The Importance of Comprehensive IBD Care
This case reinforces why comprehensive IBD care involves more than just gastroenterology. The most effective treatment approach often includes dermatologists, rheumatologists, ophthalmologists, and mental health professionals who understand the systemic nature of IBD.

Many IBD centers now offer multidisciplinary clinics where you can see multiple specialists in one visit. If you don’t have access to such a center, make sure your various healthcare providers communicate with each other about your IBD history.

Looking at the Bigger Picture
While this case might initially seem frightening, it actually represents progress in IBD understanding and treatment. The fact that doctors could quickly diagnose and effectively treat this rare presentation shows how far we’ve come in recognizing the systemic nature of IBD.

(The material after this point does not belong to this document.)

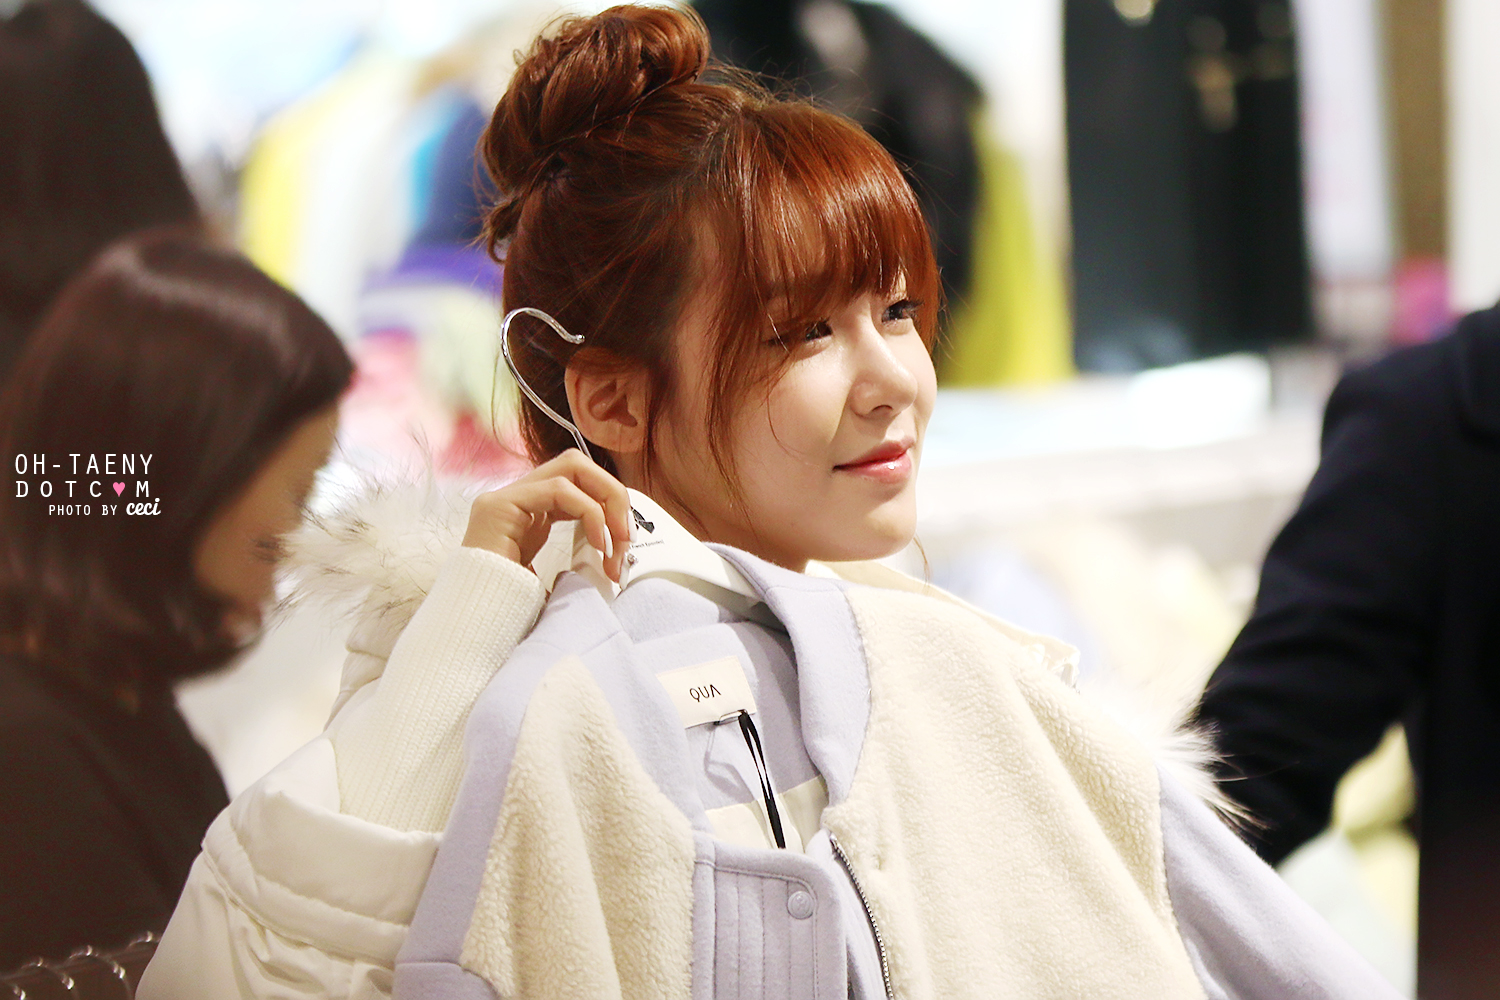 [PIC][28-11-2013]Tiffany ghé thăm cửa hàng "QUA" ở Hyundai Department Store vào trưa nay - Page 3 254A134E529B241E06ACDA

The patient in this case responded well to treatment with steroids and immunosuppressive medications. This suggests that even when IBD surprises us with unusual presentations, we have effective tools to fight back. The key is rapid recognition and appropriate treatment.

Moreover, cases like this help educate the medical community about rare presentations of IBD, potentially leading to faster diagnosis and treatment for future patients who might experience similar symptoms.

The bottom line is that this case, while concerning, also demonstrates the resilience of the human body and the effectiveness of modern IBD treatments when properly applied. It reminds us that our IBD journey continues throughout our lives, but we have the knowledge, tools, and support systems to handle whatever comes our way.

Remember, knowledge is power in managing IBD. The more we understand about the potential complexities of our condition, the better equipped we are to recognize problems early and advocate for appropriate care. This case study, while highlighting an unusual scenario, ultimately empowers us with information that could prove valuable in our own health journey.


IBD Movement provides information for educational purposes only. This content is not intended to be a substitute for professional medical advice, diagnosis, or treatment. Always seek the advice of your physician or other qualified health provider with any questions you may have regarding a medical condition.